--- ASSIGNED TASK ---
Repeat the listing exactly, line by line, and leave the pictures behind.

--- GIVEN MATERIAL ---
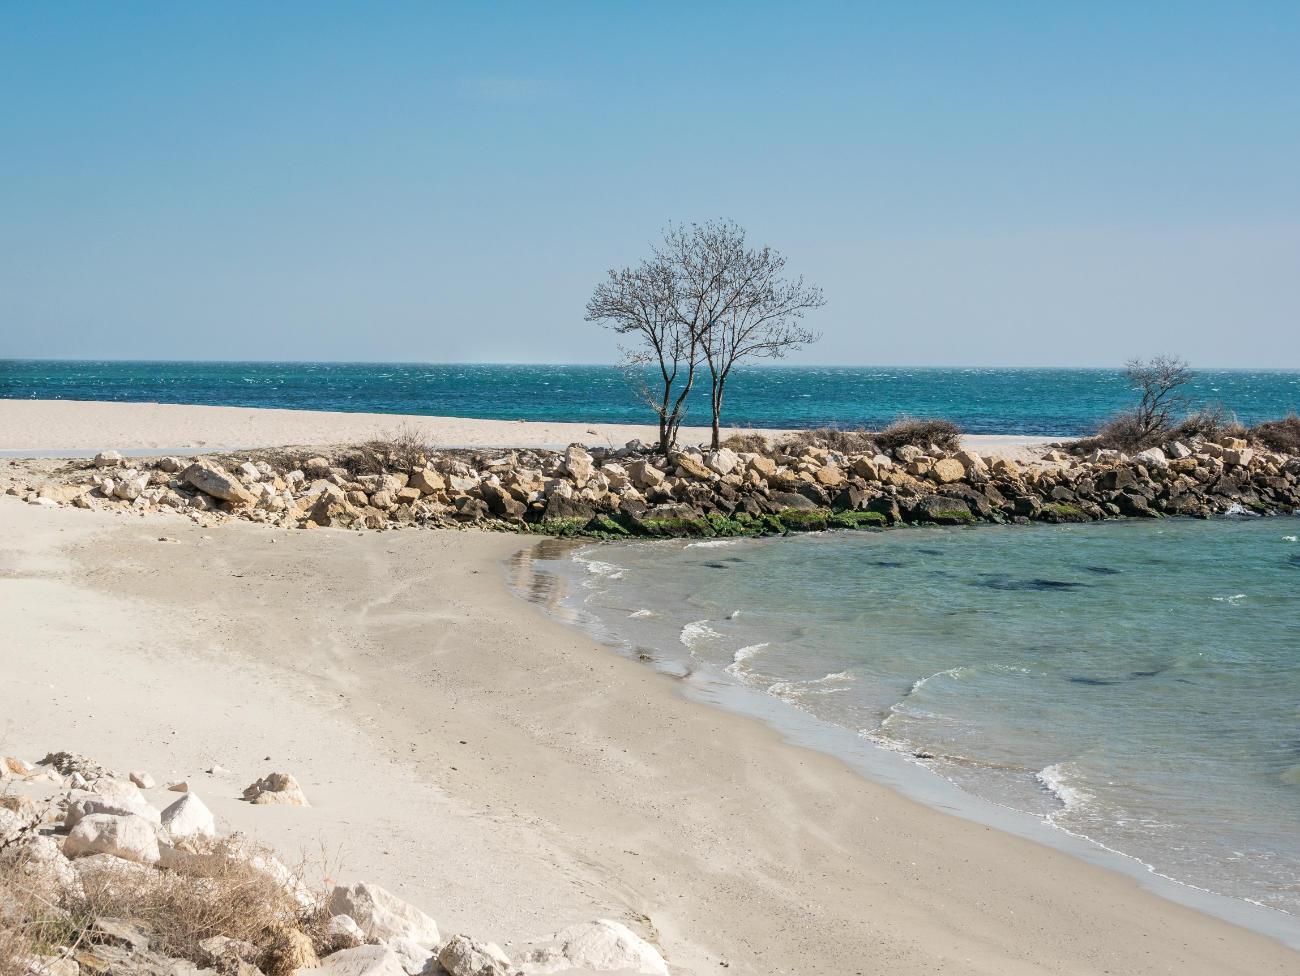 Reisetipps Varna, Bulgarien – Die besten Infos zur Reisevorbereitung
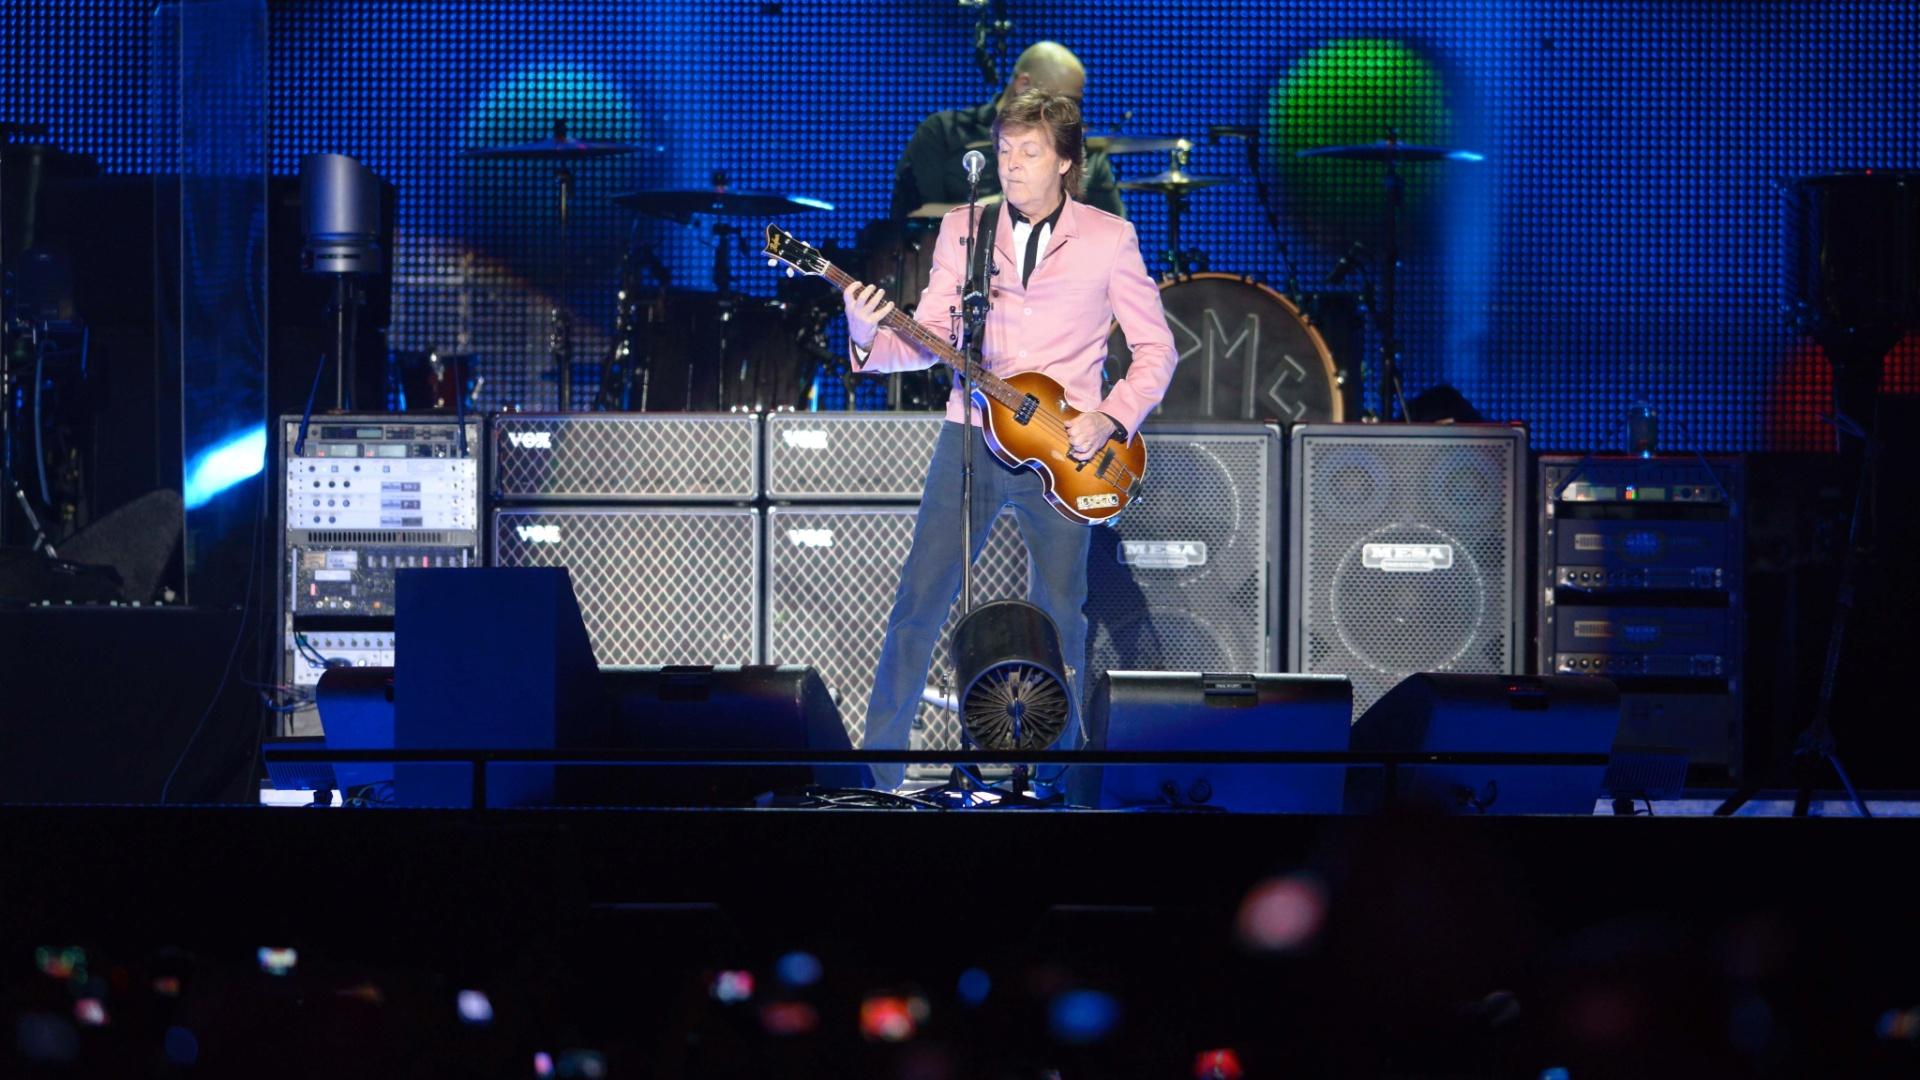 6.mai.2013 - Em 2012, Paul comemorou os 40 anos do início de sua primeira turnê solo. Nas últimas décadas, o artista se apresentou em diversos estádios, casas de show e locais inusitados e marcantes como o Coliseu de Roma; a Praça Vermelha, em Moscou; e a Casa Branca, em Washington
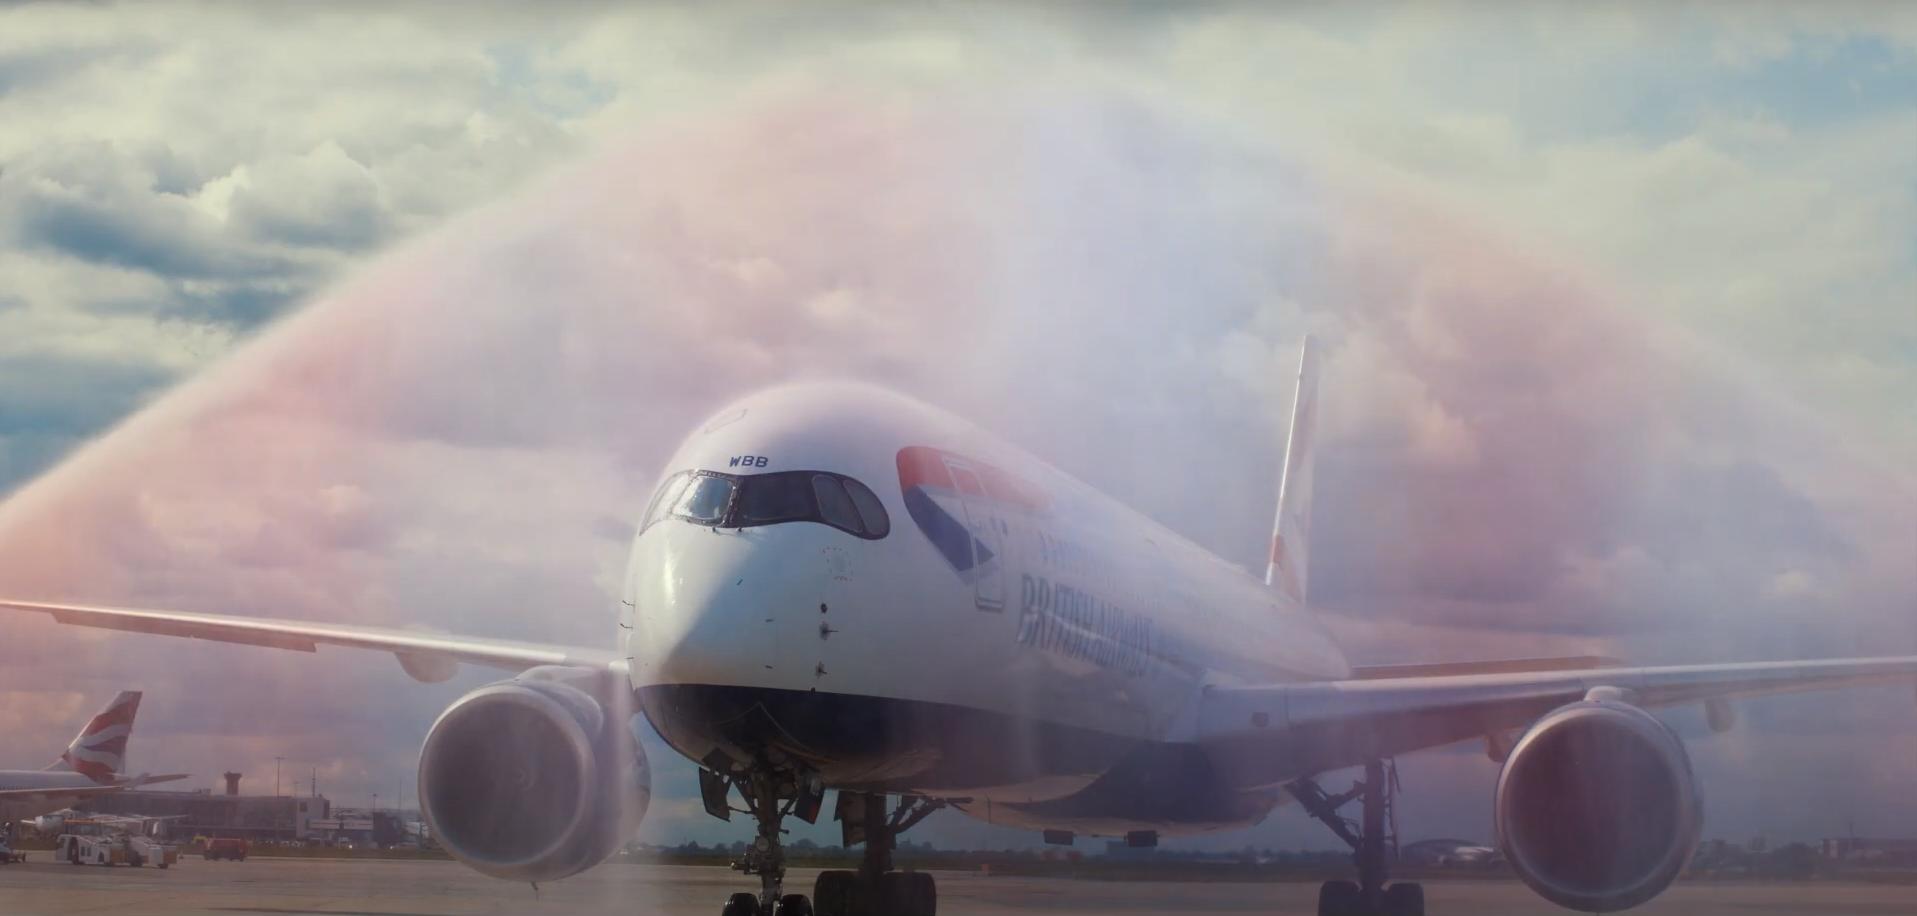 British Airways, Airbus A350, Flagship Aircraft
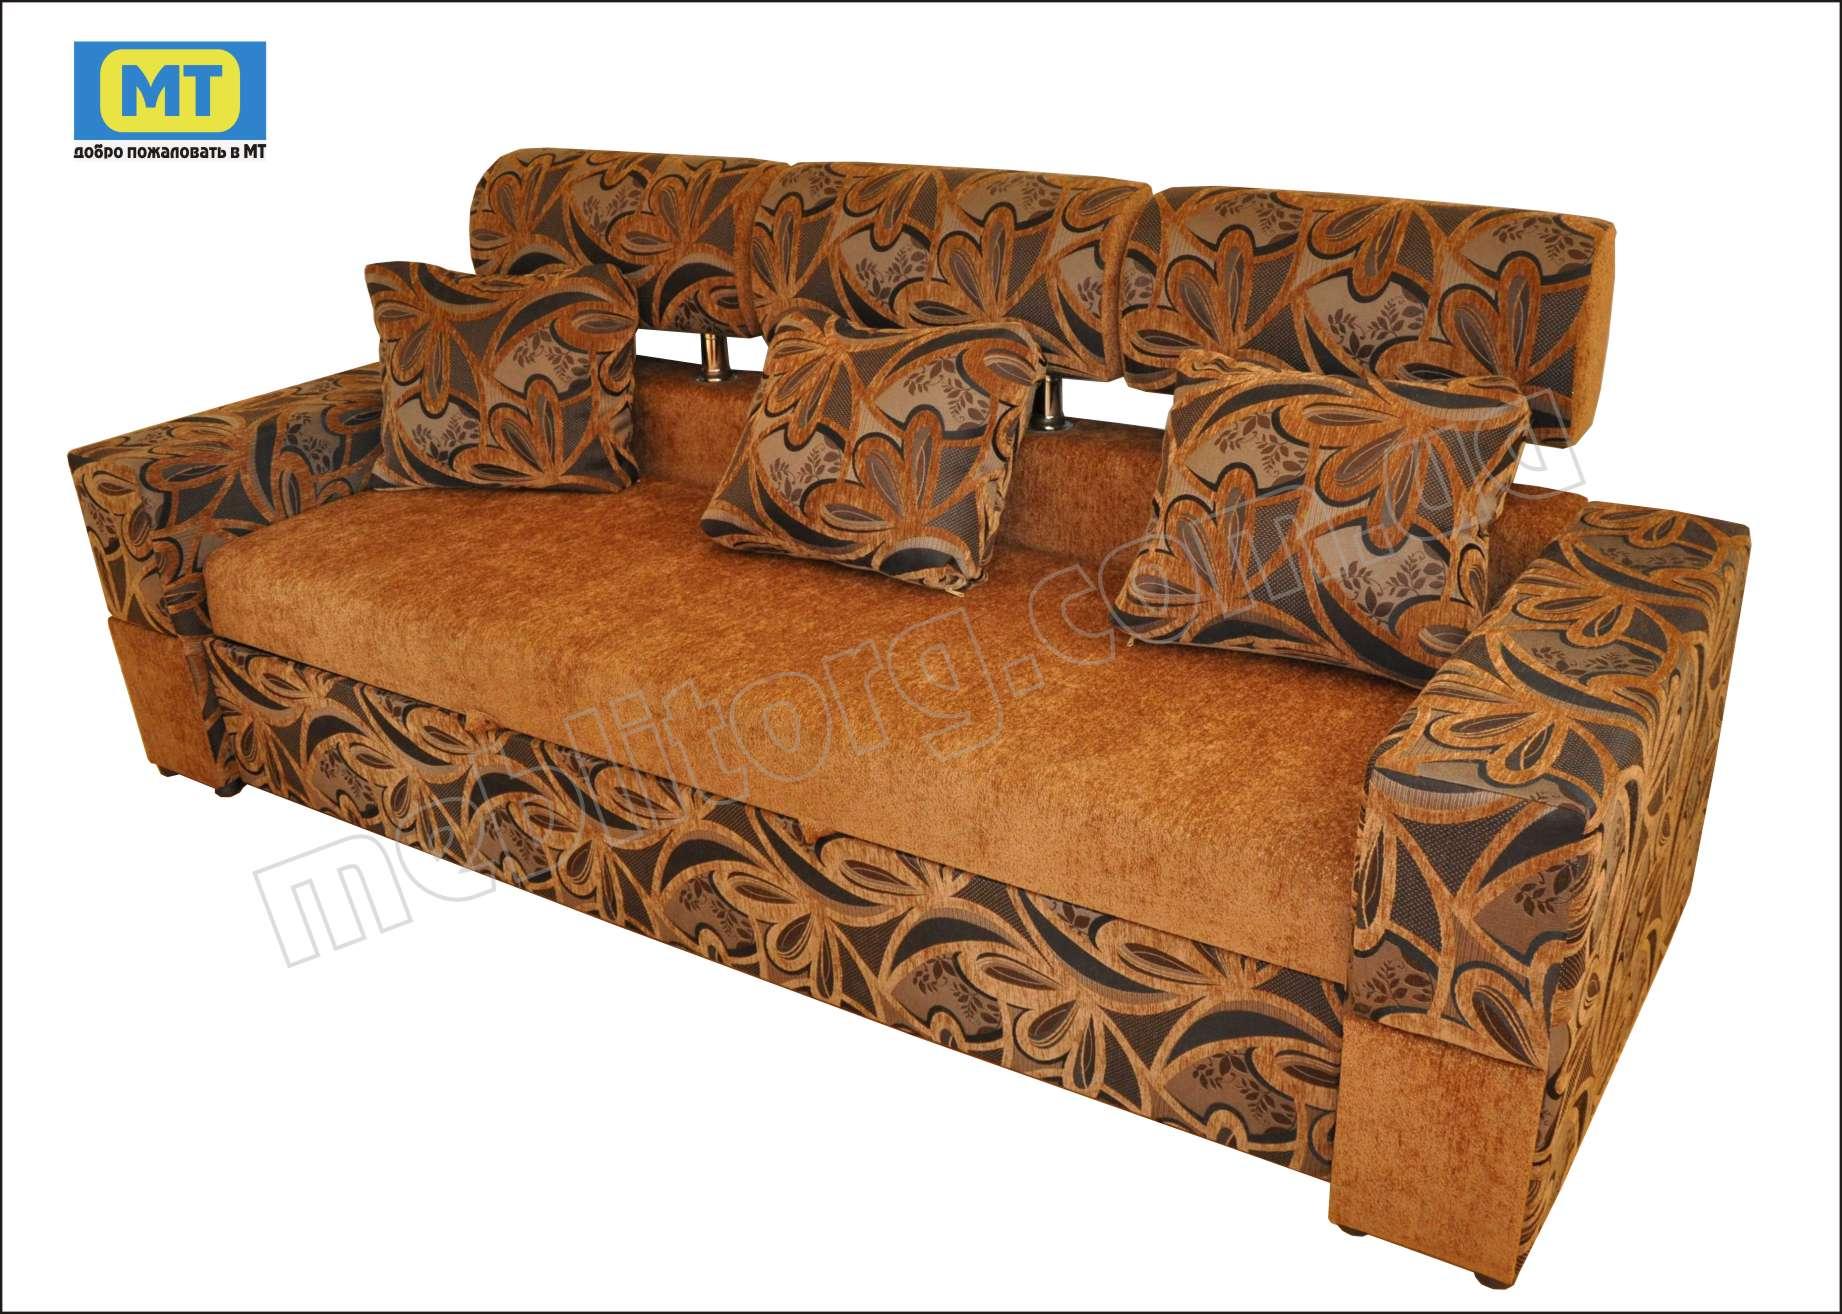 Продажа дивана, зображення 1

--- SOLUTION TO THIS PROBLEM ---
 Reisetipps Varna, Bulgarien – Die besten Infos zur Reisevorbereitung
 6.mai.2013 - Em 2012, Paul comemorou os 40 anos do início de sua primeira turnê solo. Nas últimas décadas, o artista se apresentou em diversos estádios, casas de show e locais inusitados e marcantes como o Coliseu de Roma; a Praça Vermelha, em Moscou; e a Casa Branca, em Washington
 British Airways, Airbus A350, Flagship Aircraft
 Продажа дивана, зображення 1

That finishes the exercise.